Mais tarde, seria o presidente a lamentar que esta violência miserável não representa o que significa ser americano. Mas Harris deixaria claro que a violência representa muito o que significa viver na América – e especificamente o que significa ser um cidadão de ascendência asiática.

Harris não se aproximou do microfone com frieza. Mas ela não deixou que um banho quente de tranquilizar este-não-quem-somos-nós anulasse a verdade.

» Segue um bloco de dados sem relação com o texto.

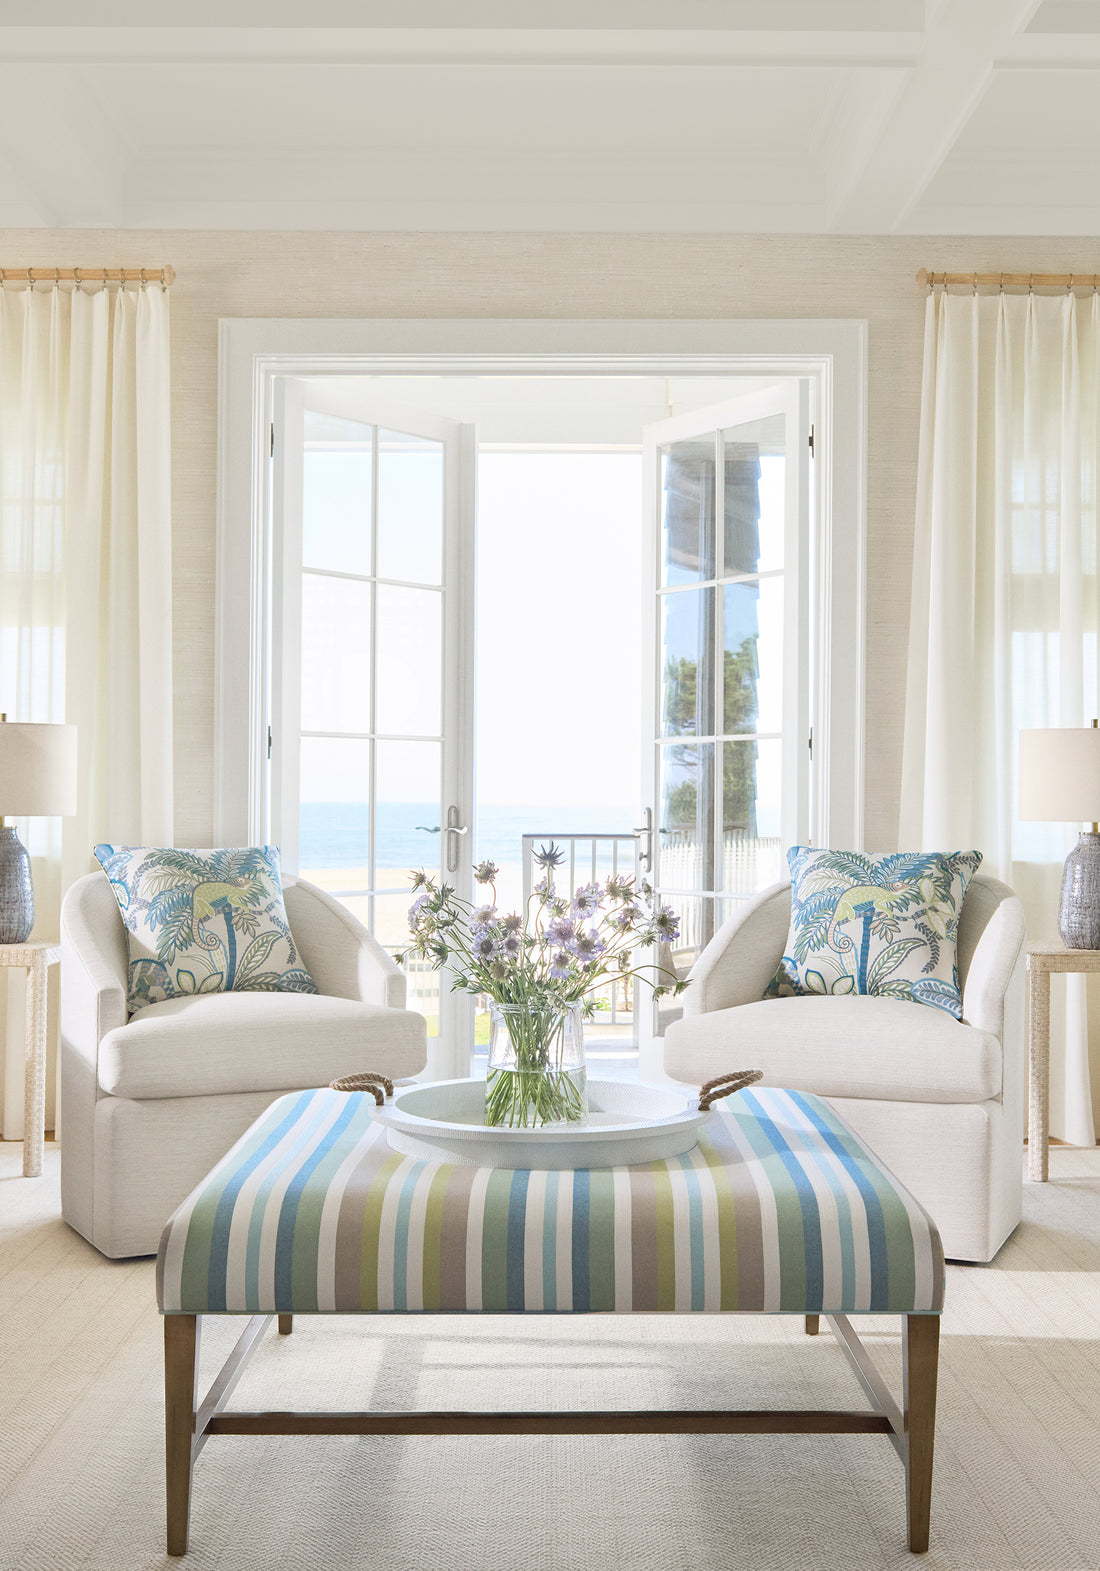 Living room with drapery panels in Asher woven fabric in natural color by Thibaut fabrics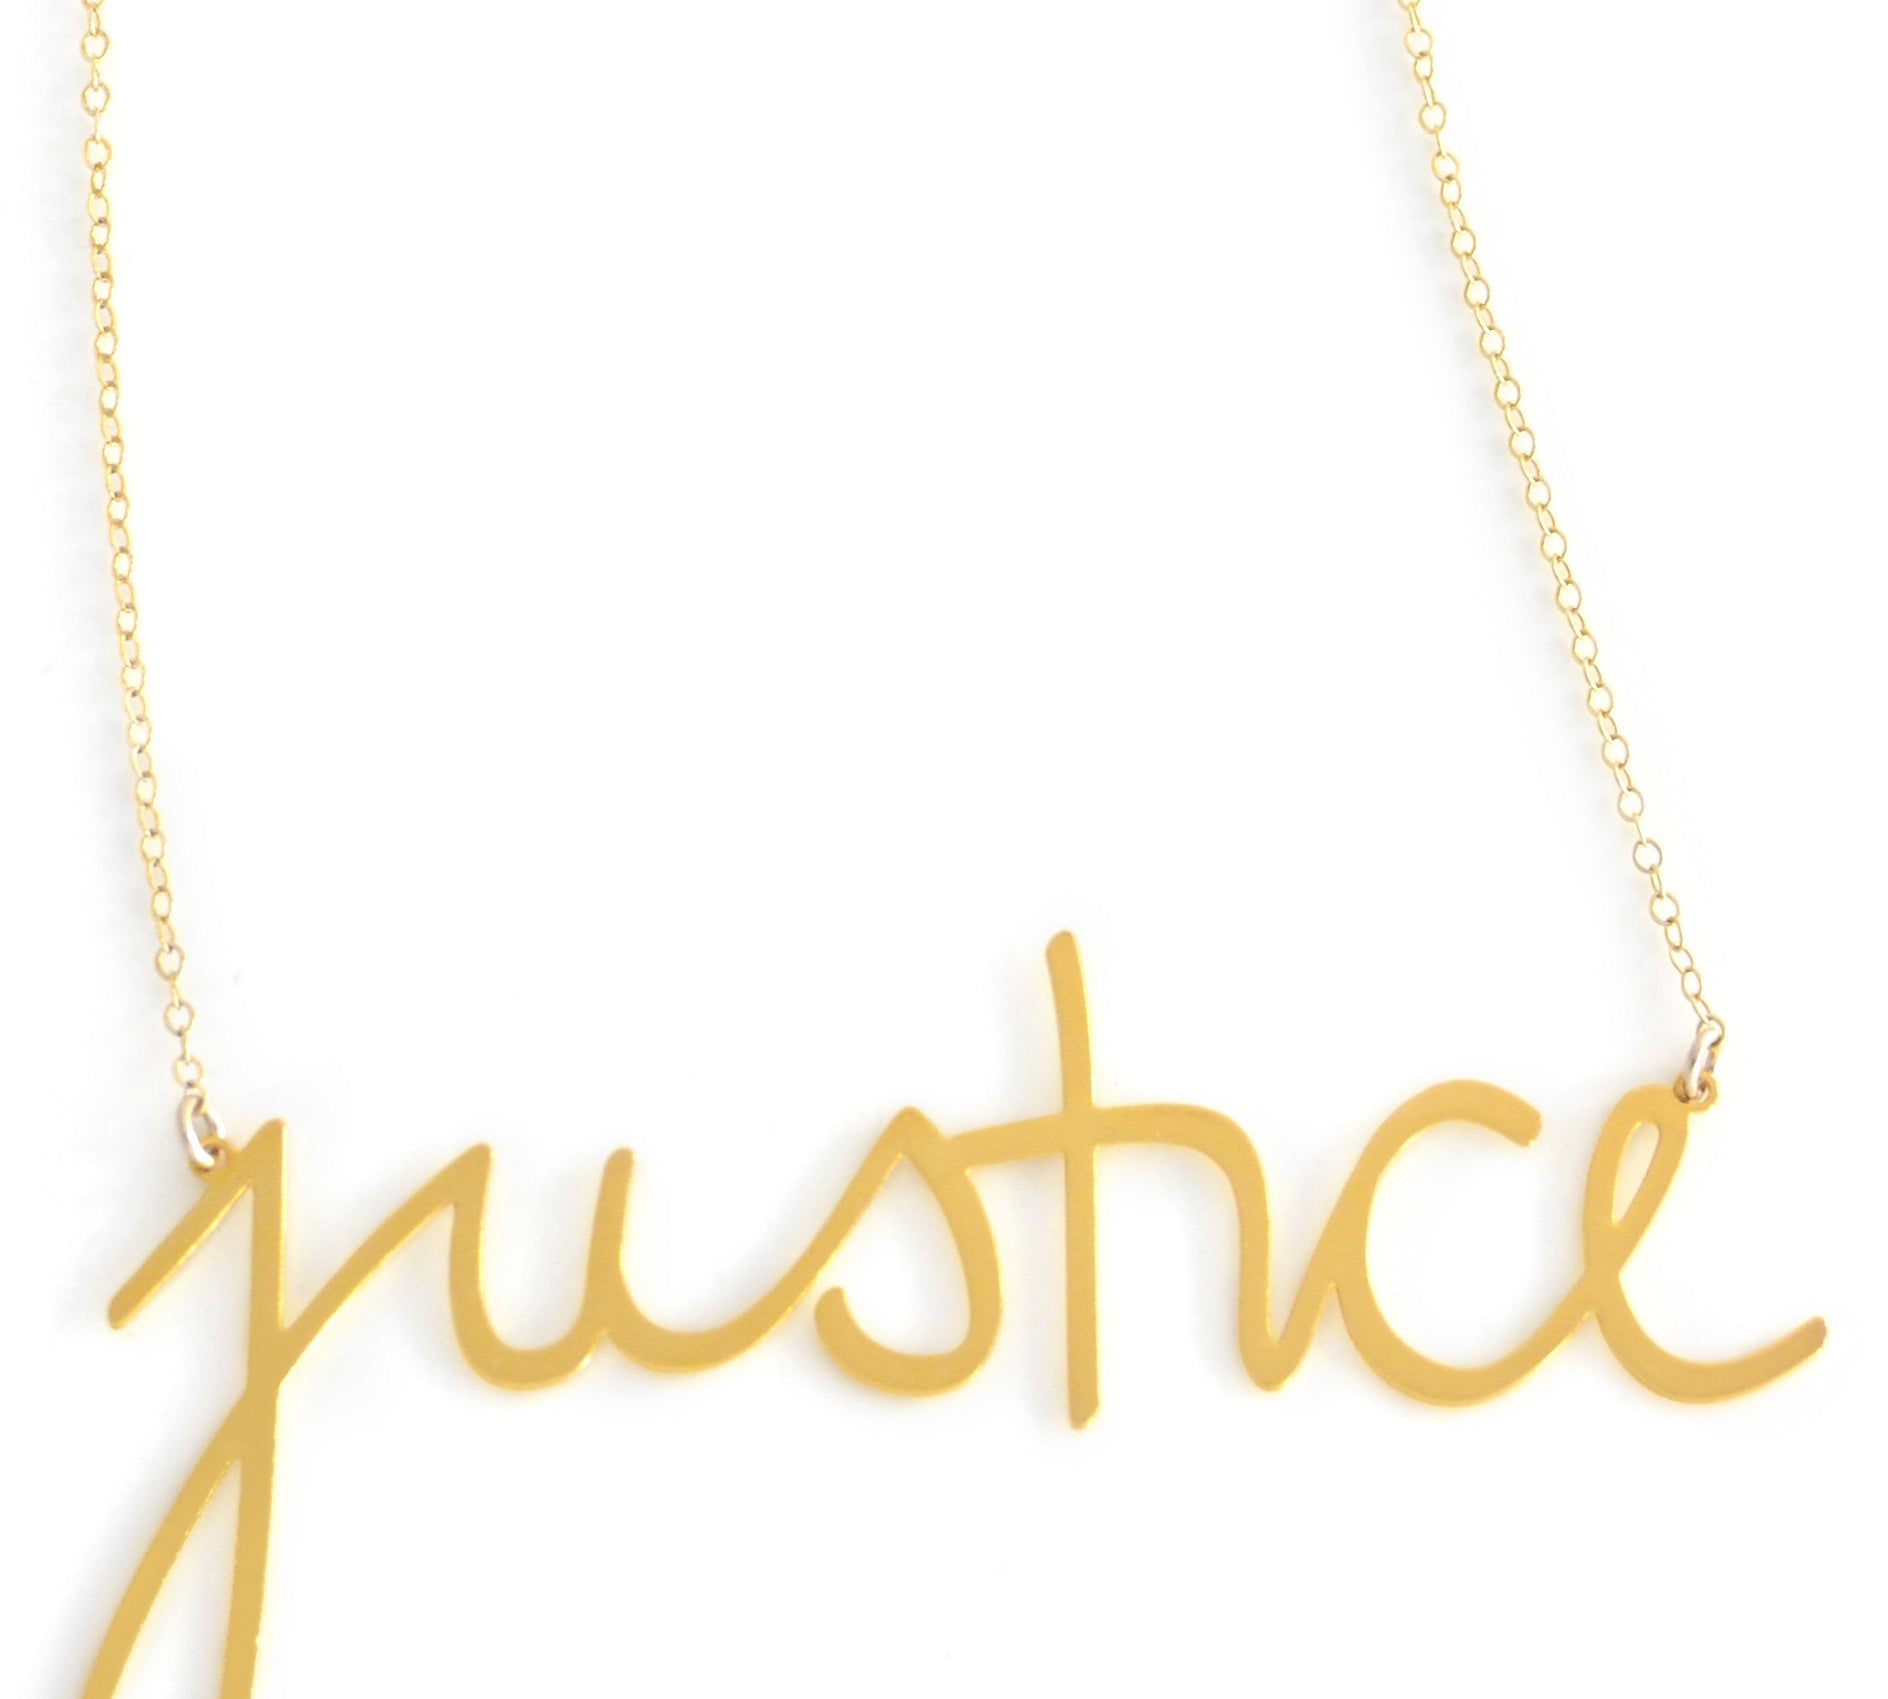 Justice Necklace - High Quality, Affordable, Hand Written, Empowering, Self Love, Mantra Word Necklace - Available in Gold and Silver - Small and Large Sizes - Made in USA - Brevity Jewelry

O melhor deste país – as esperanças, os sonhos – não anula o pior. Às vezes, dependendo de onde se está, a balança da justiça nem mesmo se equilibra, muito menos pende a seu favor. O tiro dessas mulheres asiáticas e asiático-americanas foi uma tragédia particular que poderia ter sido prevista se o país estivesse disposto a olhar para o que estava diretamente à sua frente, ouvir o que estava sendo dito dos poleiros mais elevados e ler o que estava escrito na história recente e em suas páginas amareladas.

Em suas breves observações, Harris lembrou o racismo e a violência sofridos pelos imigrantes chineses que vieram aqui para trabalhar na Ferrovia Transcontinental na década de 1860, os nipo-americanos que foram trancados durante a Segunda Guerra Mundial e o eterno questionamento da americanidade dos asiático-americanos. Com fervor incansável, este país prima pelo apagamento simultâneo da individualidade e pelo cínico destaque das diferenças.

“O racismo é real na América, e sempre foi”, disse Harris. “A xenofobia é real na América e sempre foi. Sexismo também. ”

Esta é a América que tantas vezes passa despercebida em companhias mistas. É a América que as pessoas de cor vêem e lamentam – muitas vezes com humor irônico e autoprotetor – para outras pessoas que se parecem com elas. É a América que as mulheres conhecem intimamente, aquela sobre a qual educam e alertam suas filhas. É a América dos imigrantes recentes cujas dificuldades e inglês hesitante podem desmentir sua tenacidade, inteligência e coragem – características pelas quais eles são saudados por seus entes queridos, embora mal sejam visíveis para os outros.

“Todos têm o direito de ir para o trabalho, de ir à escola, de andar pela rua e estar seguros, e também o direito de ser reconhecido como americano – não como o outro, não como eles, mas como nós,” Harris disse. “Um dano contra qualquer um de nós é um dano contra todos nós.”

Quando a vice-presidente terminou seus comentários, ela apresentou Biden, e a superfície do púlpito foi devidamente limpa e a pequena plataforma em que ela estava foi empurrada para fora do caminho. Biden ocupou seu lugar, tirou a máscara e começou a falar com uma voz quase um sussurro e um pouco áspera. O efeito foi o de um homem carregado de emoções. E certamente Biden sentiu a dor de uma comunidade que foi sufocada por um mito de excelência comunal e golpeada pelas realidades da pobreza, racismo e misoginia.

Sentir a dor de alguém é um começo. Significa reconhecer e reconhecer uma verdade. Mas a avaliação perspicaz de Harris deixou claro que a verdade sempre foi evidente.